Here again the lesson of 1983 Miller raises the real issue: that concerning the libidinal investment of the body of a subject such as Schreber, how can the parlêtre fill the “empty bag” with a quantum of libido. How to resume the way Miller treated in cause freudienne N°44 extracted from his current “experience of the real” Biophore the object, bearing life can it animate those who are going through the experience itself called death subjective?

 

In other words we arrive there at the question of how Lacan invited us to consider the position of fantasy in psychoanalysis, particularly in psychosis. This is the most sensible point. Indeed, the fundamental fantasy, the one who organizes the jouissance of a subject contains both jouissance and its prohibition. (anna Freud: to be a boy and to be beaten for this at times).

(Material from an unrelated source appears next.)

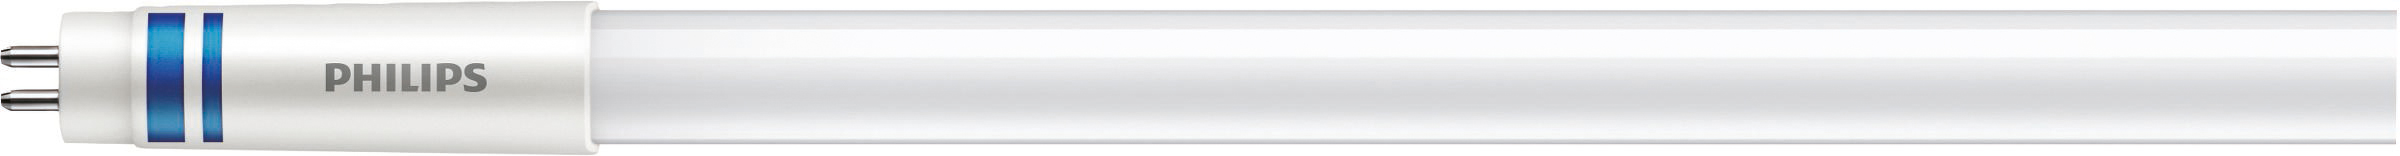 Philips Lighting LED-Tube T5 f. EVG G5, 840, 1449mm MAS LEDtube#74959000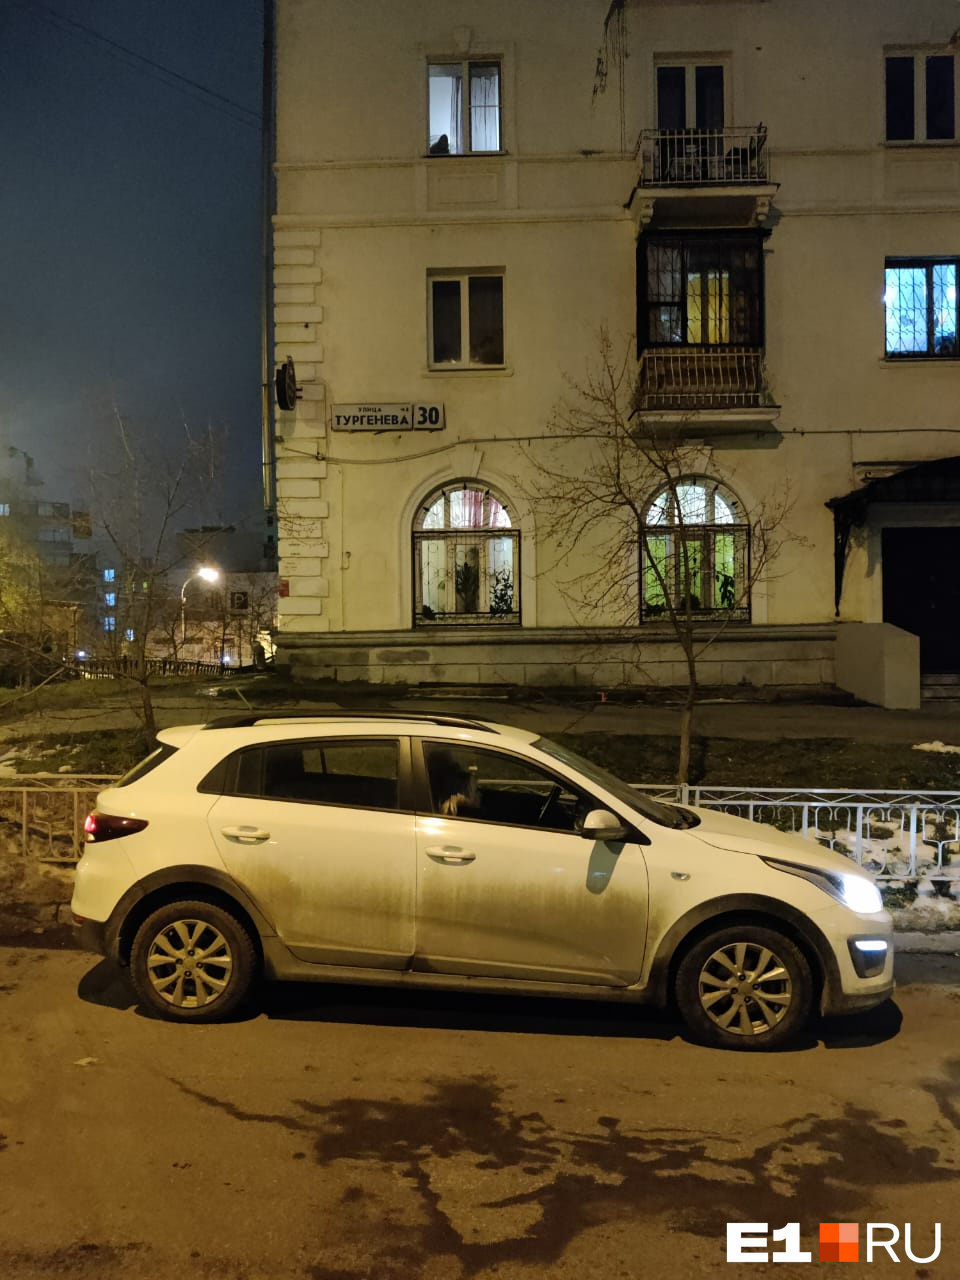 В Екатеринбурге объявились автоворы. Они крадут одну странную вещь

Miller recalls “The constant position of Lacan is that the fantasy contains minus-Phi and without the minus-Phi it impossible to give reason to the fantasy.”

 

So the fantasy vehicle therefore prohibited and impotence and Miller raises the question of psychotic fantasy in these words: The effect of phallic significance is also an effect of interdictive signification and this is what is raised in the psychotic fantasy: what is suddenly both denied this is the meaning of this phallic effect, indeed, what is denied is sexual non-connection since the fantasy is realized.

 

In the next lesson in the May 4, 1983 he explains that for Schreber it is by his fantasy of being the object of divine erotomania but of a god who, is himself instead divided instead of the subject. The subject in the fantasy has to satisfy his god, it’s the jouissance of his body, while in the case of the neurotic, the subject is caught between the temptation to fulfill the fantasy and the prohibition or rather the inability to be satisfied.

 

I will finish with these considerations we could identify with Seminar XX and XXIII.